How you can fill those 30 training hours
A new website will enable lecturers to compare courses and take a more individual approach.
Lecturers will be encouraged to share ideas with colleagues nationwide about how they meet their obligation to do 30 hours' continuing professional development a year.
Reflect, an internet portal to be launched on April 1, will enable lecturers to find out about each other's CPD activities so they can judge how best to use the time.
The site is being set up by the Institute for Learning, which already has a limited version of the portal serving 22 colleges, work-based training outfits and community education providers in England.
Lee Davies, acting chief executive of the institute, staged 80 roadshows last year which revealed that, for many lecturers, professional development has meant following such courses as health and safety or equality awareness which many staff feel are imposed upon them by officialdom. But many others choose to spend the time working under their own initiative to hone their teaching skills.
Mr Davies said it should not be assumed that accredited professional development courses are better than non-accredited activities. He is anxious that colleges make provision, including access to computers, to enable this more individualised approach.
Mr Davies said that the effectiveness of CPD could be measured by how it improved teaching and the student experience.
Non-accredited activities could include a lecturer spending time in the workplace to learn more about a particular aspect of a vocational subject. It could simply involve taking time out to read up on the subject. Or it could involve communicating with colleagues around the country to discuss teaching styles.
Mr Davies said lecturers needed to be encouraged to see themselves as autonomous professionals who are trusted by employers to reflect on their own performance and make decisions about their own professional development.
The institute believes unstructured activities will truly earn their keep if the experience gained is passed on to colleagues.
It is very much a vision of FE whereby the improvement of teaching quality is driven by lecturers rather than "top-down" solutions from institutions or Government.
Mr Davies said: "In any model of trust there is going to be a degree of abuse, but we want to have a sophisticated and mature dialogue.

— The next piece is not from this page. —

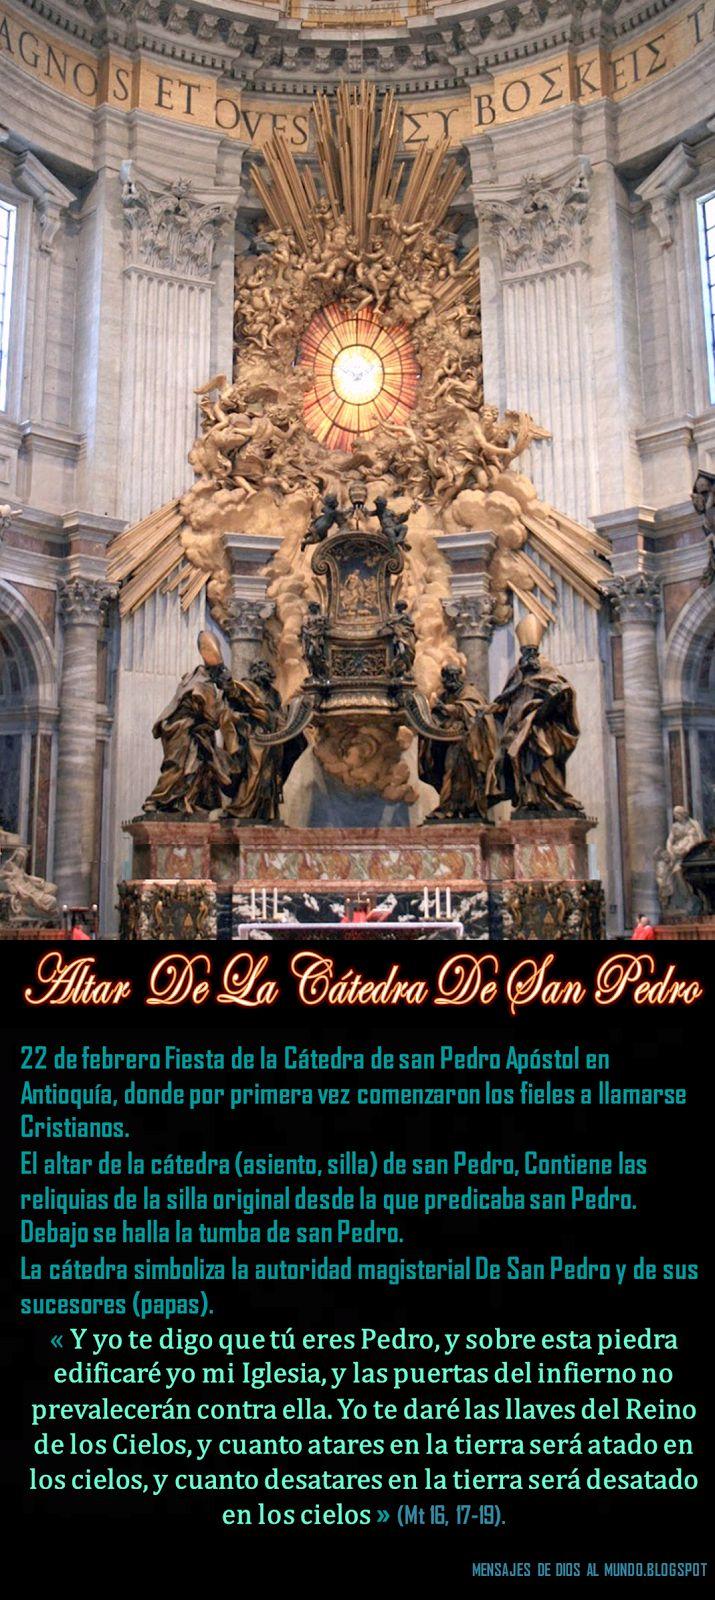 Mensajes De Dios A Su Iglesia Remanente: 22 DE FEBRERO  FIESTA DE LA CÁTEDRA DE SAN PEDRO A...

"There is no new money available for CPD, which comes out of core funding of colleges, and there will be demands on resources.
"Colleges will need to make sure there are resources for non-accredited as well as accredited activities.
"We have been raising awareness of the importance of CPD and are launching a suite of online tools to help lecturers manage it and share their activity records with peers, mentors and managers."
All lecturers whose work is paid for by the Learning and Skills Council are now required to be members of the institute, which will have a disciplinary role as well as representing the interests of teachers in colleges and other parts of the lifelong learning sector, including work- based and community education providers.
The institute is supported by the University and College Union, which hopes its influence and the introduction of compulsory teaching qualifications will boost lecturers' case for a pay rise. At present, their wages still lag behind those of their counterparts in schools.